Topic 5 – Introduction to hypothesis testing

ENVX1002 Statistics in Life and Environmental Sciences

Floris van Ogtrop

The University of Sydney

Apr 2026

Important Notice

The Faculty has been informed of instances where students are being targeted by illegitimate academic services, which could potentially lead to plagiarism or other breaches.

This can include:

“tutoring” services who provide assignment instructions or model answers;
using another person or company to write or complete your assignment;
using online file-sharing sites that lead to plagiarism.

Engaging in such activities could constitute a breach of the Academic Integrity Policy and may result in penalties, including failing the assignment, the unit, or even a suspension or exclusion for misconduct.

We want you to do well on assessments. Contact the Learning Hub, your tutor, or Unit Coordinator to get support.

There are resources available to help you. Don’t be afraid to ask for help.

Outline

Why do inferential statistics?
Hypothesis testing;
One-sample tests;
Confidence intervals;
Transformations.

Learning outcomes

LO1. By the end of this course, students will be able to implement basic reproducible research practices—including consistent data organization, documented code, and version-controlled workflows—so that their statistical analyses and results can be readily replicated and validated by others.

LO2. By the end of this course, students will demonstrate proficiency in utilizing R and Excel to effectively explore and describe life science datasets.

LO3. By the end of this course, students will be able to apply parametric and non-parametric statistical inference methods to experimental and observational data using RStudio and effectively interpret and communicate the results in the context of the data.

LO4. By the end of this course, students will be able to put into practice both linear and non-linear models to describe relationships between variables using RStudio and Excel, demonstrating creativity in developing models that effectively represent complex data patterns.

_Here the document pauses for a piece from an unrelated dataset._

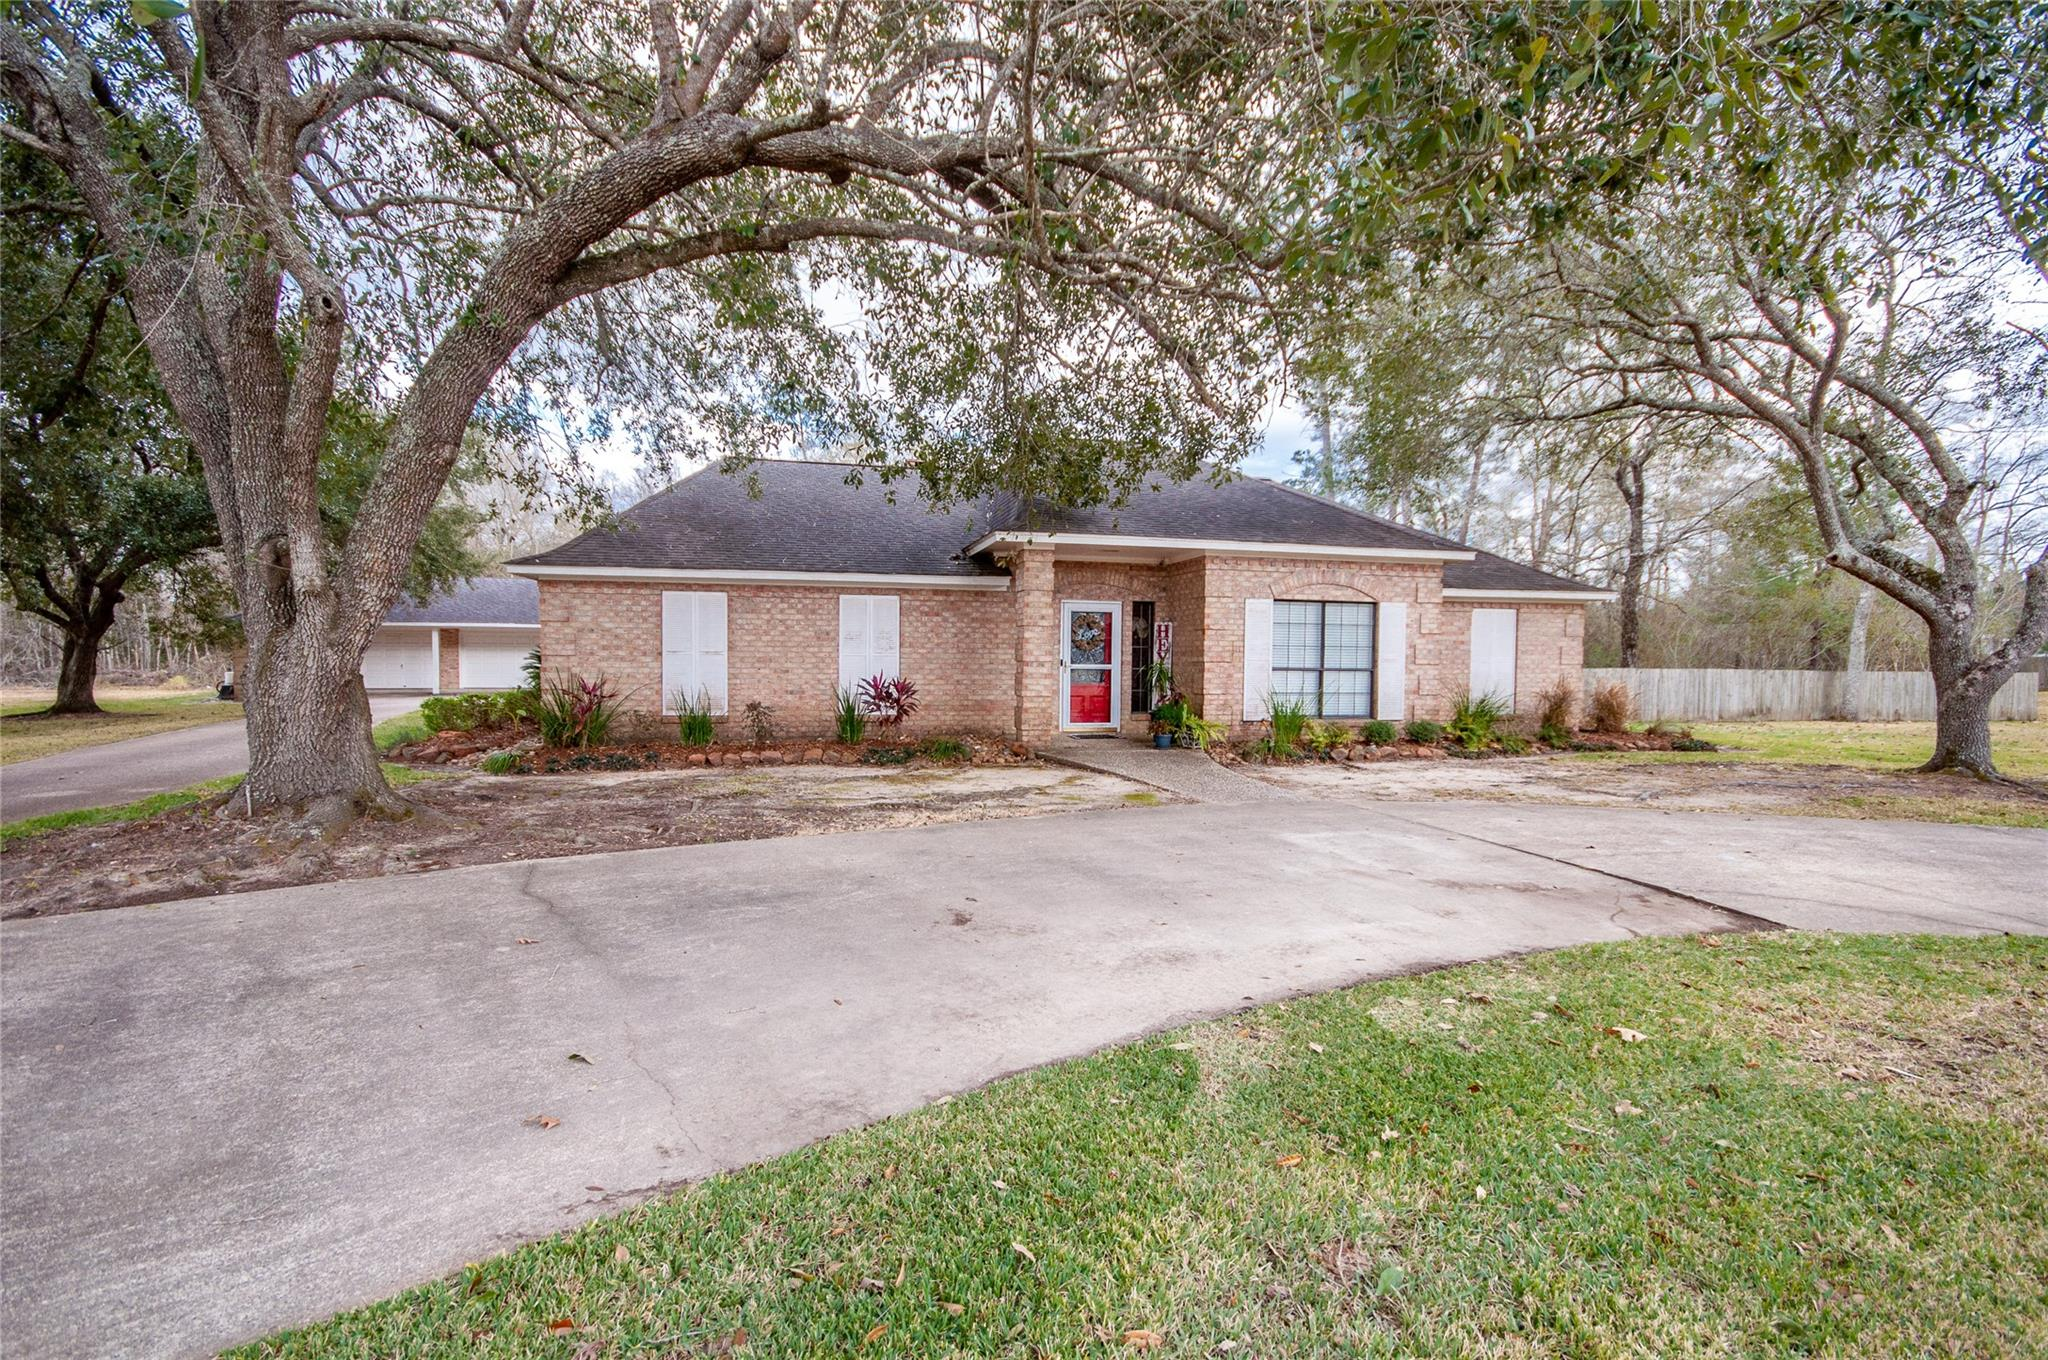 102 Mockingbird Lane Property Photo - Liberty, TX real estate listing

LO5. By the end of this course, students will be able to articulate statistical and modelling results clearly and convincingly in both written reports and oral presentations, working effectively as an individual and collaboratively in a team, showcasing the ability to convey complex information to varied audiences.

Inferential statistics

So far we have focused on Exploratory Data Analysis EDA;
EDA helps us describe and visualise data;
Inferential statistics takes the next step: using a sample to learn about a population;
This is an important and sometimes difficult step in statistics;
Because samples vary by chance, we need formal methods to decide whether an observed difference is likely to reflect the real effect.

Hypothesis testing

In statistics, a hypothesis is a claim about a population parameter.
We often begin with a benchmark or reference value
We then ask:

Is our sample consistent with that claim, or is the difference too large to plausibly due to chance alone?

Hypothesis testing

Suppose the guideline value for Total Nitrogen (TN) at a site along a river is \(500 \mu g/L\)
We might ask

Is the mean TN concentration at this site equal to \(500 \mu g/L\), or is it different?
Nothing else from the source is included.